Marit Stiles and the Ontario NDP are on your side with real solutions to end encampments
TORONTO – Ontario NDP Leader Marit Stiles announced a plan to end encampments and tackle chronic homelessness in Ontario.
“After seven long years, Doug Ford’s legacy is encampments in every single town and city in our province. Seeing tents in parks is a stark reminder of how utterly Ford has failed Ontario – on housing, health care, creating good jobs, and making life more affordable.
"As Premier, I will end chronic homelessness and make encampments a thing of the past. We will take a housing-first approach, put a roof over people’s heads, and connect them with the supports they need.”
An Ontario NDP government will:
- Create 60,000 new supportive housing units, allowing people living in encampments or the shelter system to move into a safe, permanent home, while connecting them to mental healthcare, addiction treatment and other ongoing supports.

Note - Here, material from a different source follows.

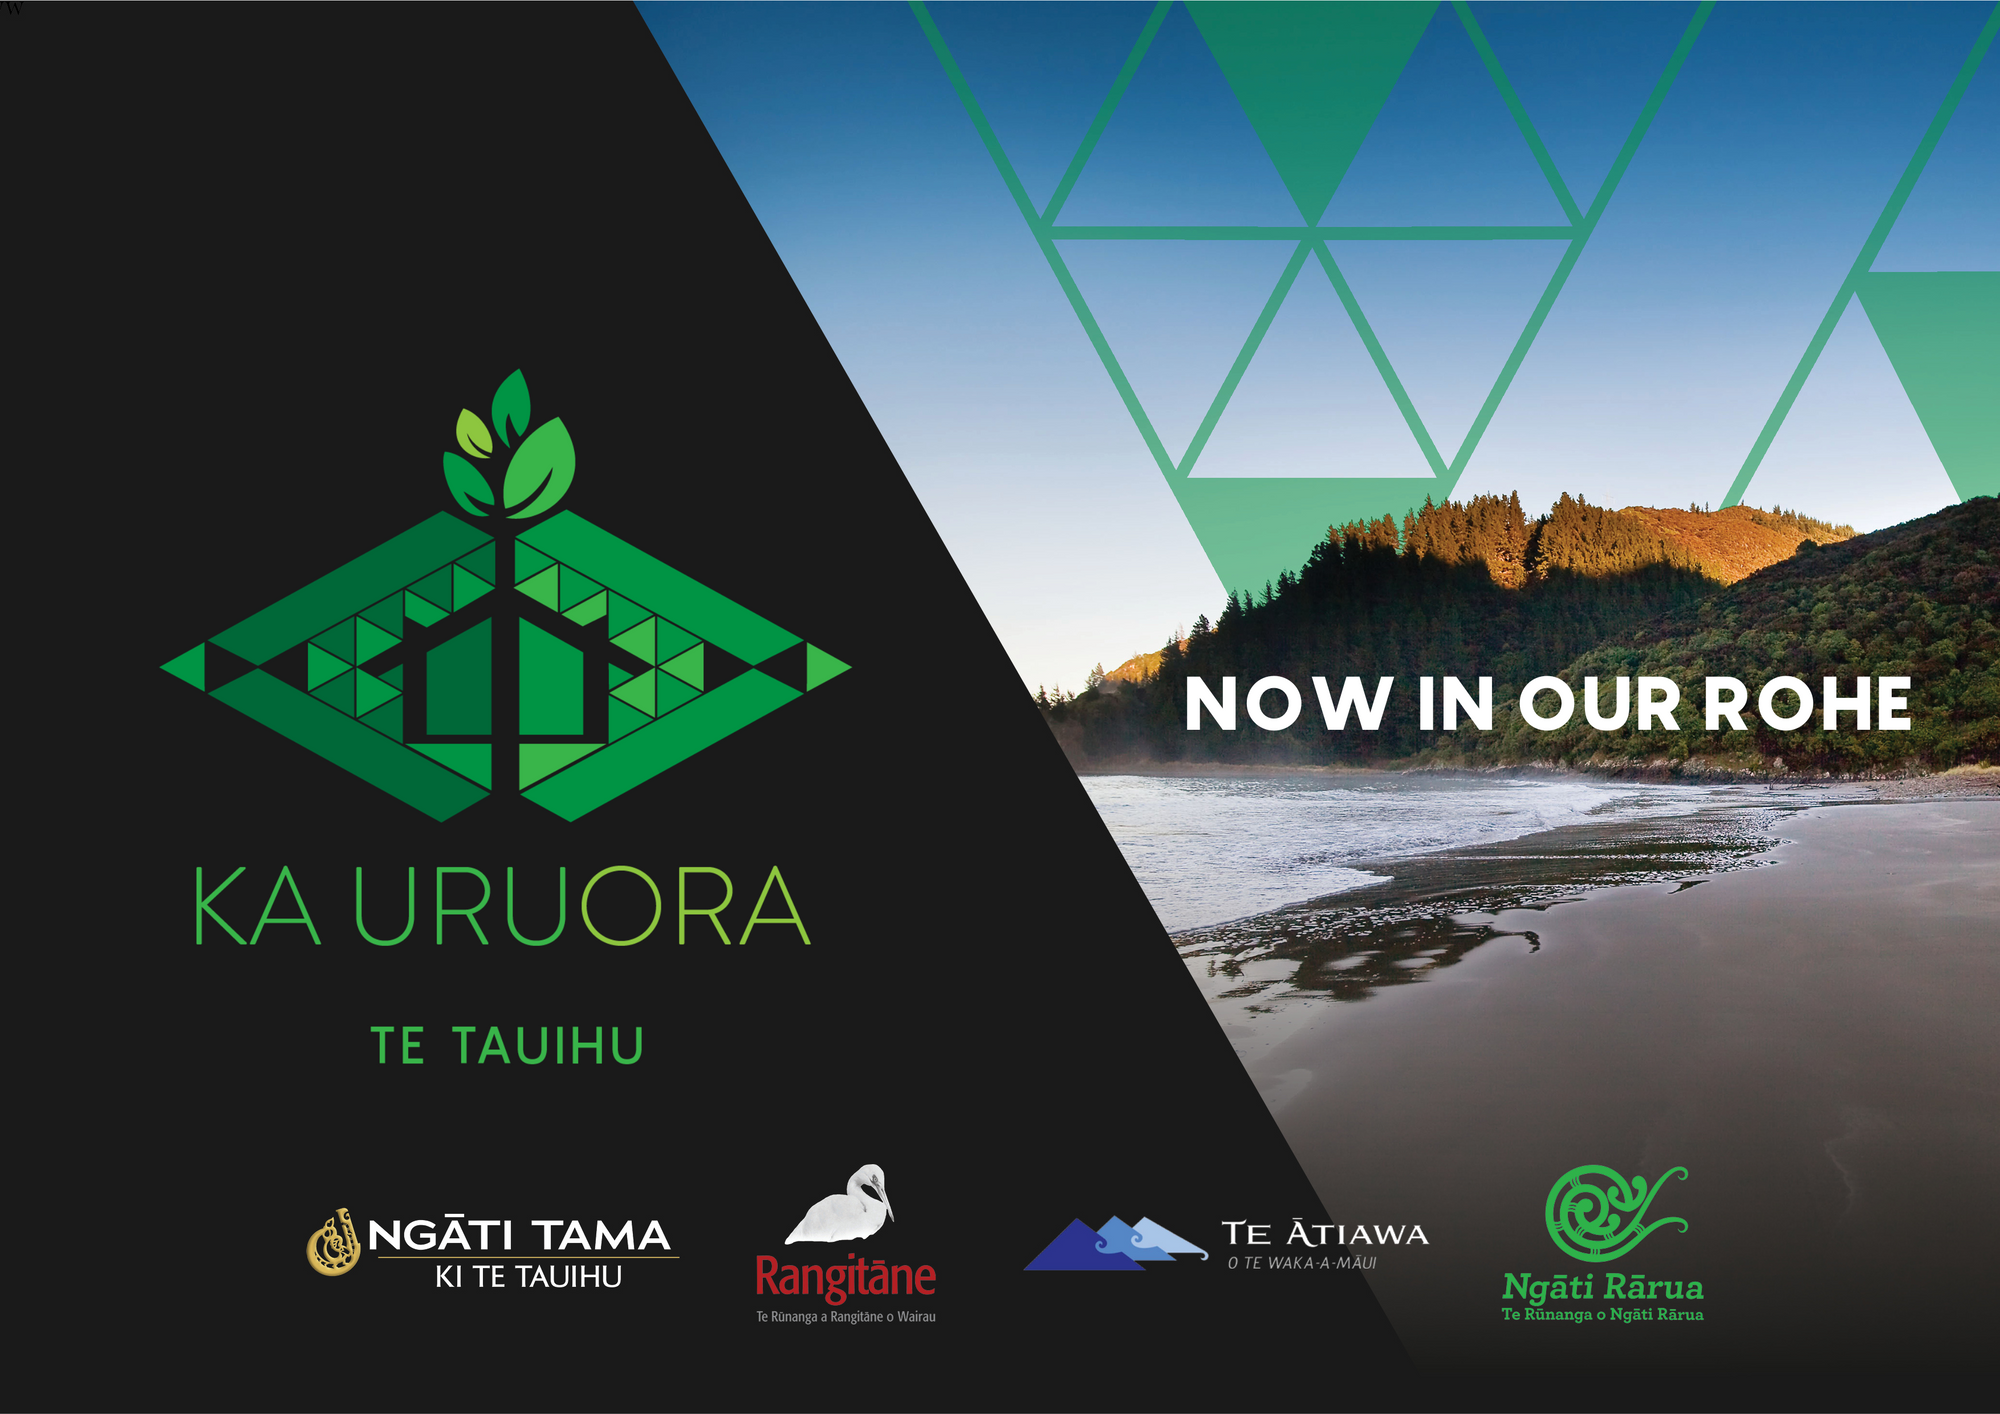 Ka Uruora Te Tauihu supports financial independence and improved wellbeing
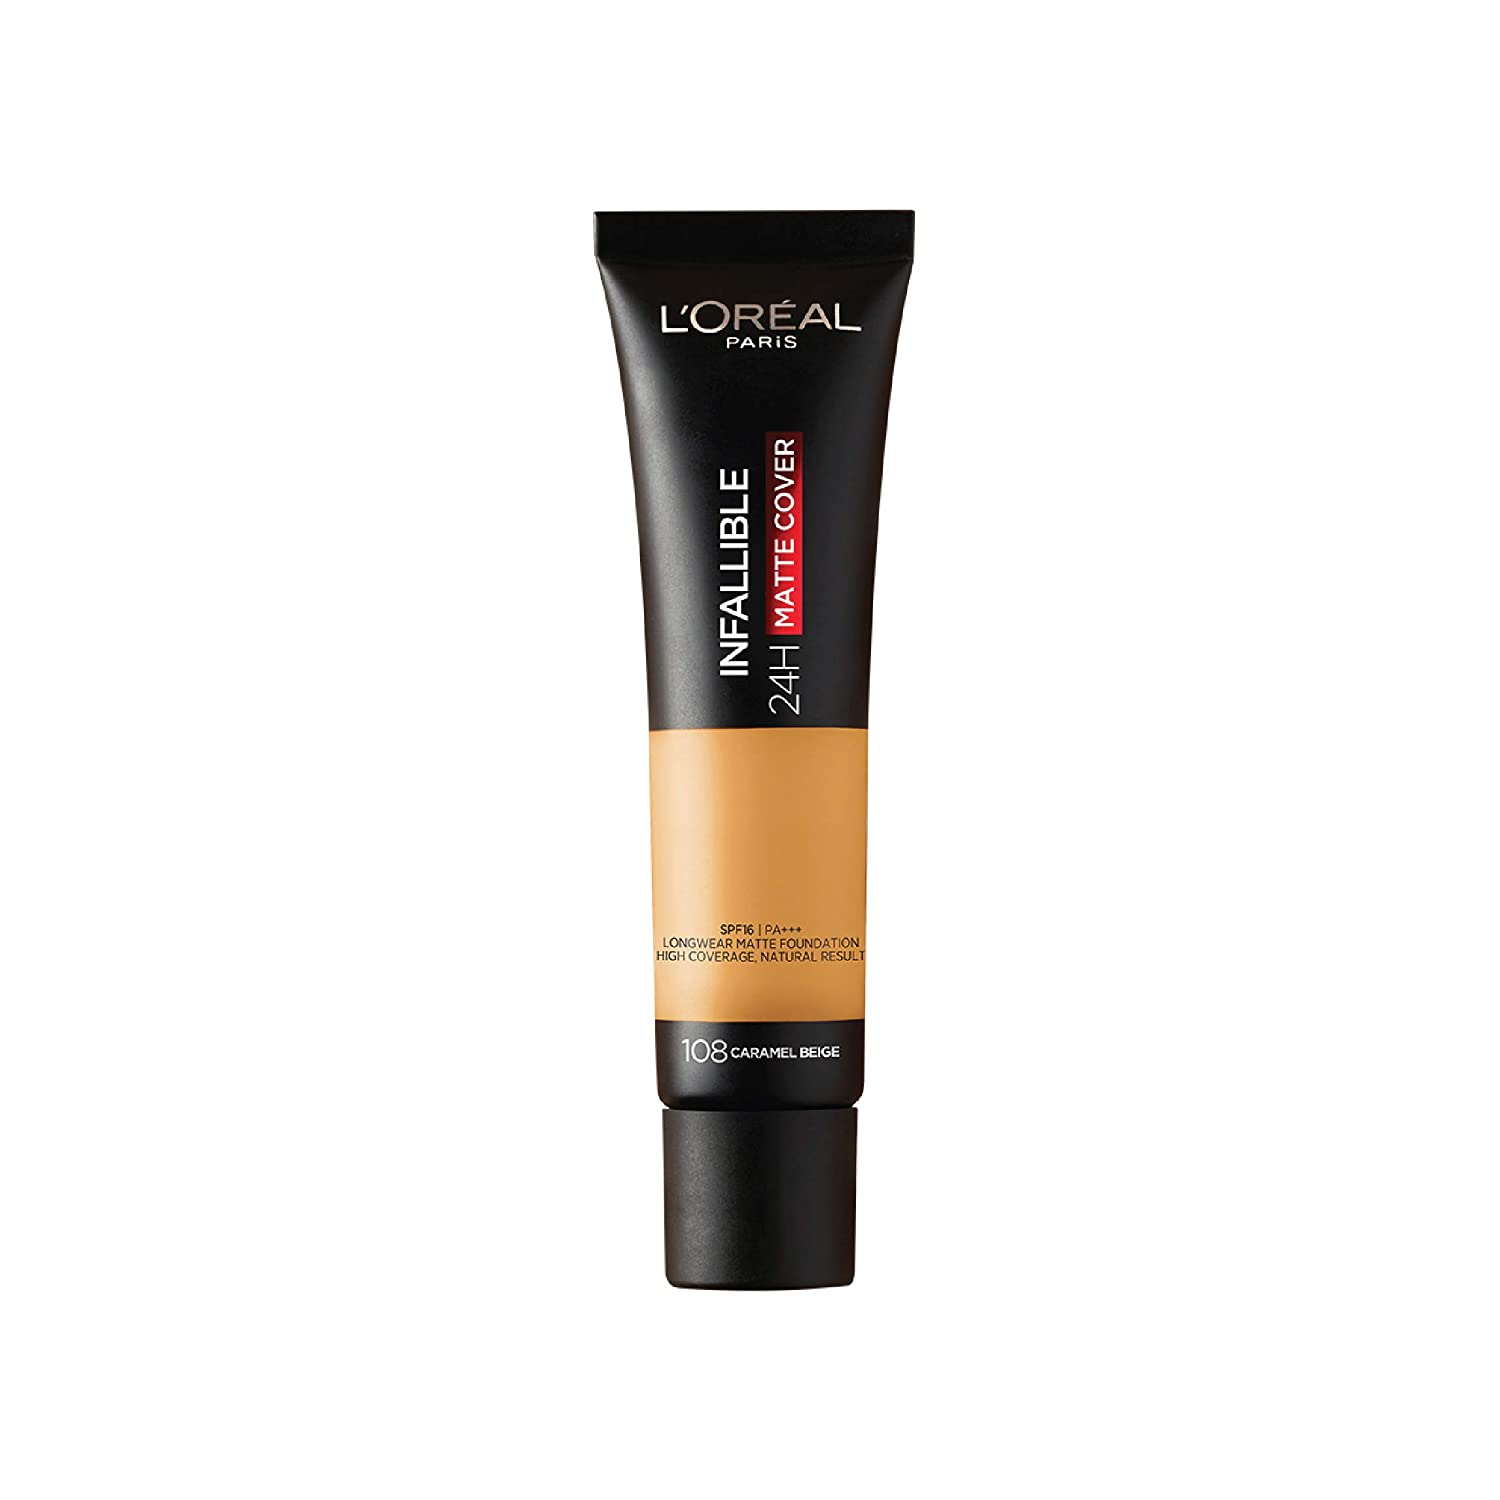 L'Oreal Paris, Infallible 24H Matte Cover Foundation (Source: www.amazon.in)

This commitment is part of our broader Homes Ontario plan to build hundreds of thousands of permanently affordable in the coming years.
- Upload shelter funding to the province. We will reverse decades of cuts and downloads imposed on cash-strapped municipalities by successive Liberal and Conservative governments, while maintaining locally focused service delivery.
- More housing benefits that help people move out of shelters, into homes. Doug Ford has withheld funding for programs like the Canada-Ontario Housing Benefit, allowing shelters to overflow. We’ll work with the Federal government to boost the program and help more people move out of shelters into homes, freeing up shelter beds in the process.
- Stop people from losing their homes by bringing forward real protections for renters and doubling social assistance rates so people can better keep up with the cost of housing. The best way to end homelessness is help people stay in their homes.
Facts:
- According to the Association of Municipalities of Ontario AMO, more than 80,000 Ontarians experienced homelessness in 2024, a 25% increase since 2022, and could double in the next decade.
- In rural communities, AMO found homelessness has grown over 150% since 2016, and over 204% since 2016 in Northern Ontario.